Joel highlighted key factors that have been instrumental in scaling Rec Room's experimentation capabilities, enabling the company to conduct hundreds of experiments annually.
A crucial step was simplifying the process for teams to initiate tests. By investing in the right tools and debunking the misconception that integrating a feature into an A/B test was laborious, Joel made experimentation more accessible. He evangelized an enlightening quote from an engineer on their team internally: “It would take about 30 minutes to make this feature an A/B test,” which effectively challenged the belief that testing would add an extra day to the development process.
Furthermore, Joel established a routine of weekly experimentation reviews. These sessions were designed to not only share results but also to foster excitement about learning from user interactions.
He emphasized that the value of an A/B test isn't solely in its deployment; understanding that a feature doesn't positively impact core metrics is equally valuable. This approach helps in safeguarding against metric regression by identifying and withholding changes that don't contribute positively.
Considering that Rec Room integrates gaming, social, and marketplace elements within its platform, defining metrics comprehensively and making informed trade-offs becomes crucial. For instance, how do you boost time spent on the platform without increasing toxic behavior? Rec Room tackled this challenge by effectively turning these 'policy decisions' into data-driven ones.
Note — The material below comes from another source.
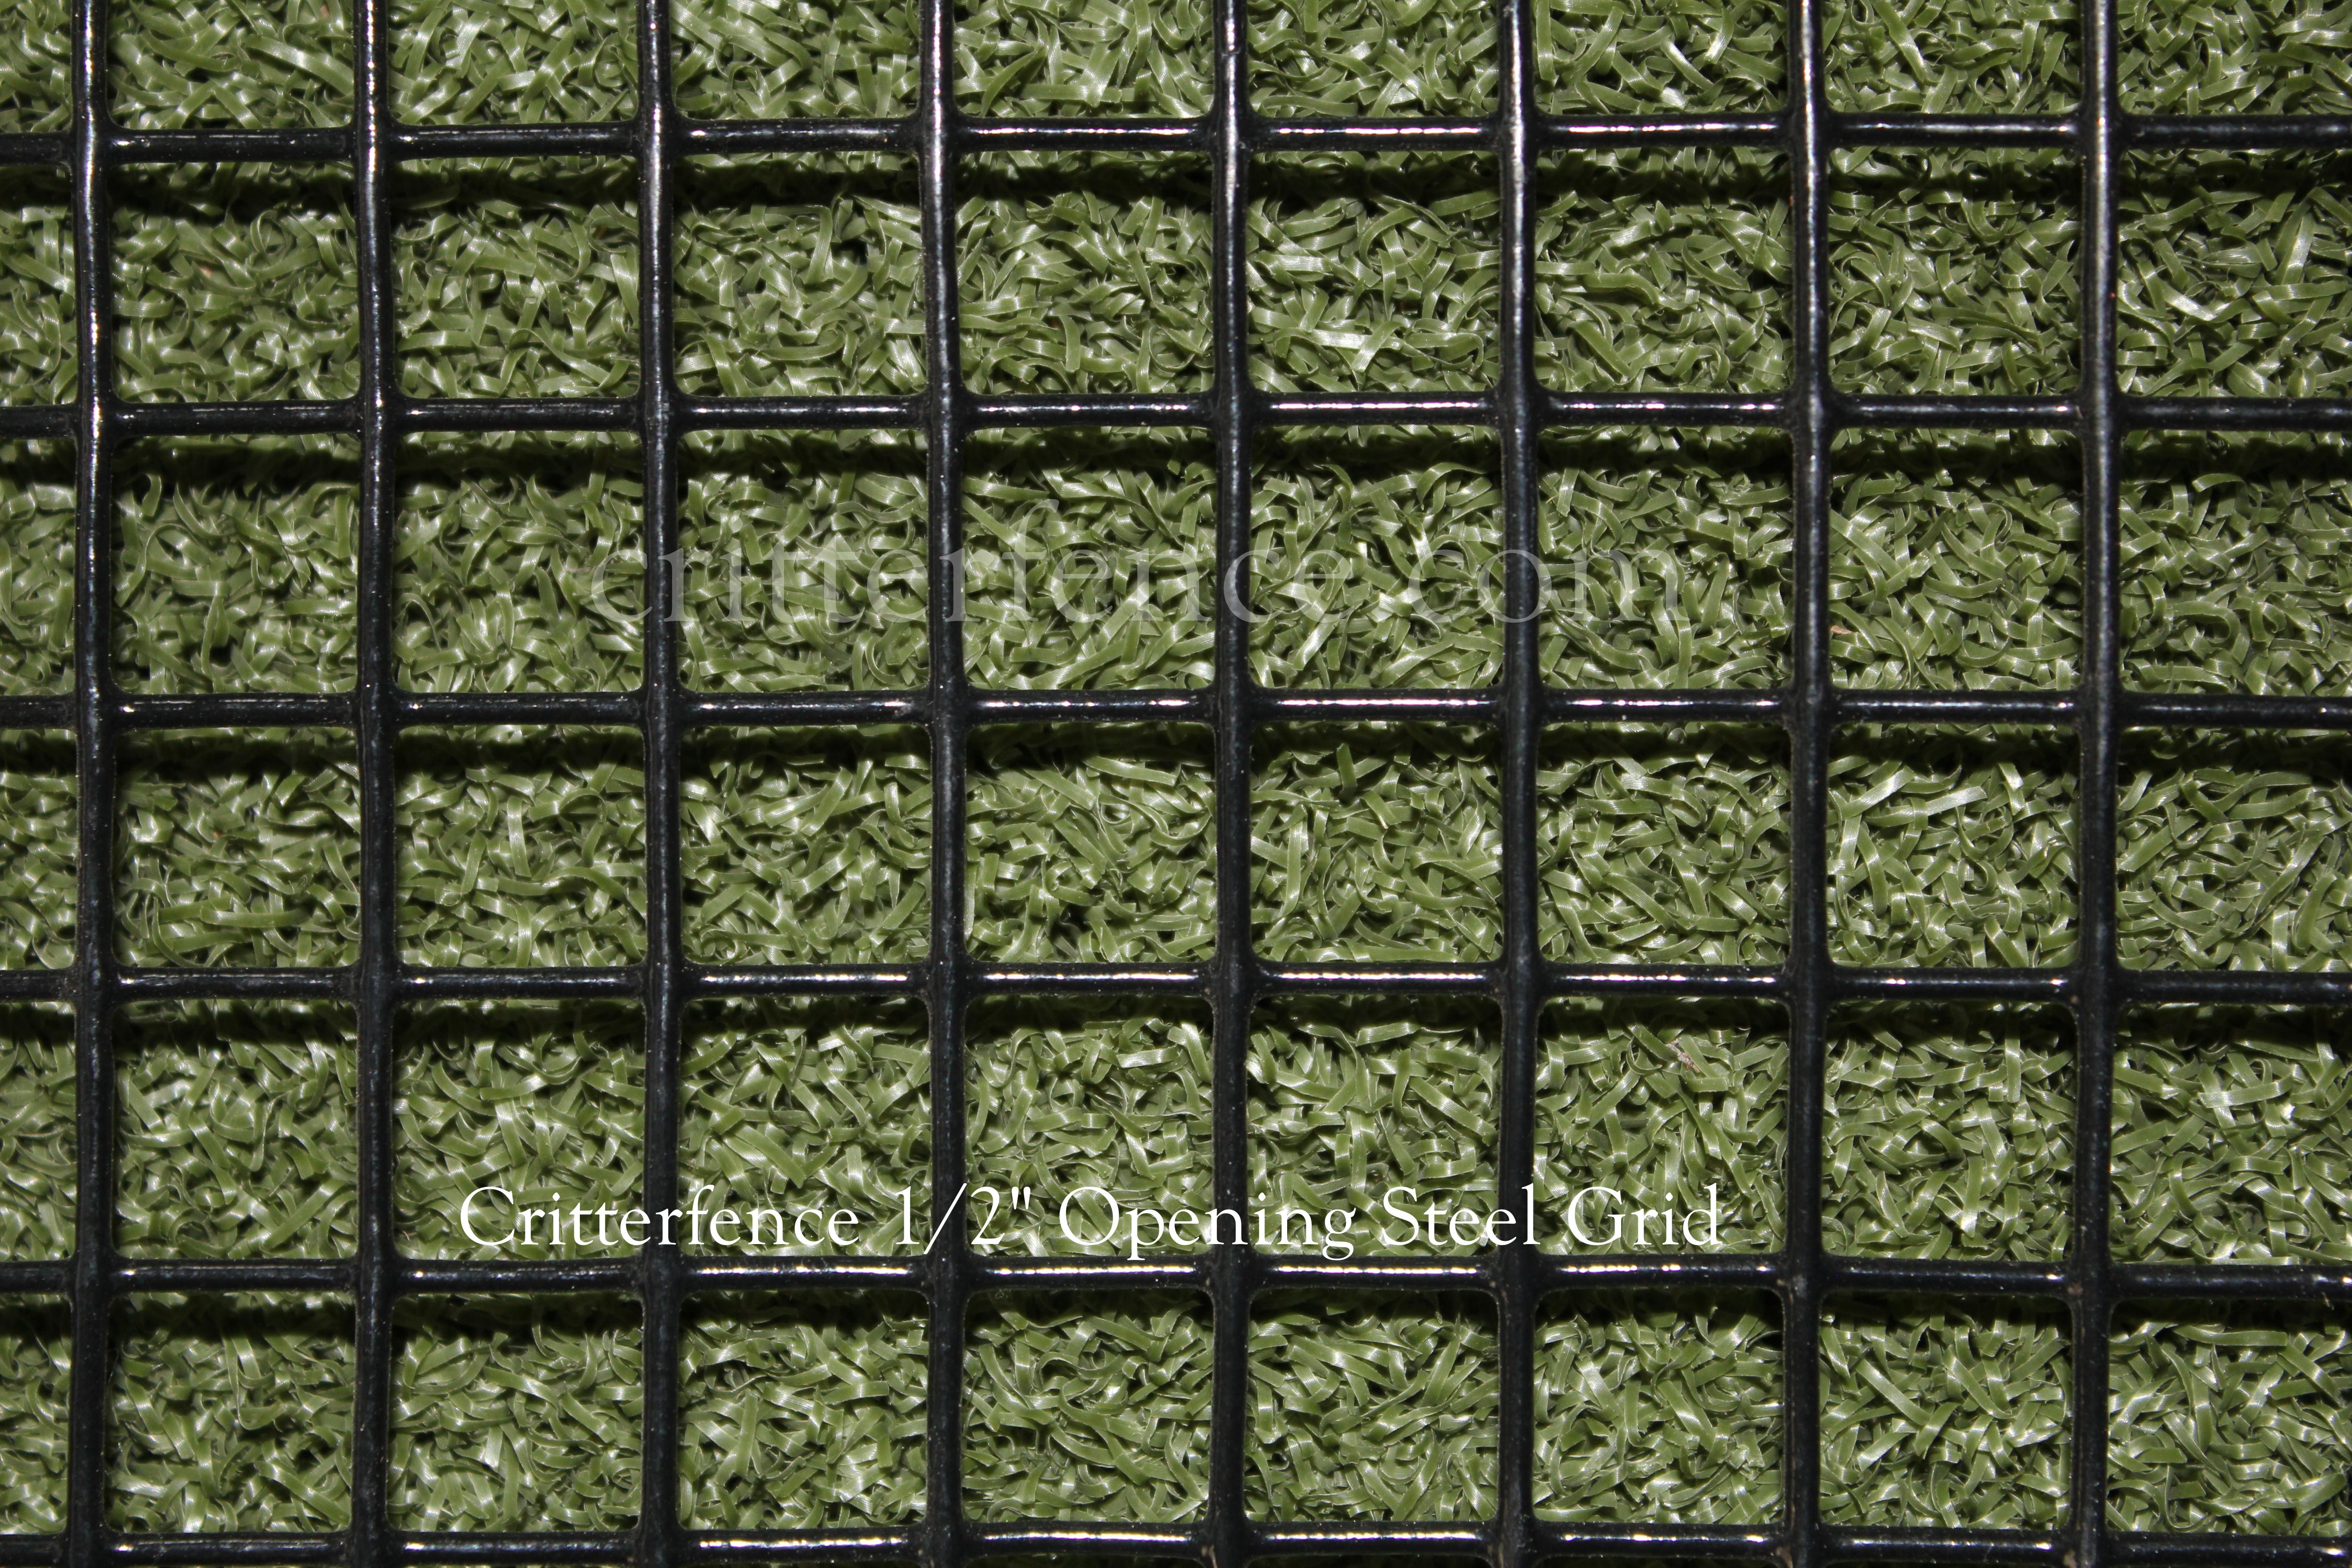 Critterfence Steel Grid 5 X 100

Joel shared how they utilized experimentation in determining penalties for violations such as the use of inappropriate language. They experimented with various levels of disciplinary actions, ranging from muting a player for a minute to more extended bans, and then analyzed how these interventions correlated with a decrease in toxicity, ultimately arriving at the optimal solution.
Joel’s examples underscore how experimentation at Rec Room goes beyond just UI changes, influencing crucial policy decisions. For each change to the core game logic such as giving tokens as rewards, they set guardrail metrics (such as revenue) to ensure that the changes did not regress a metric of interest.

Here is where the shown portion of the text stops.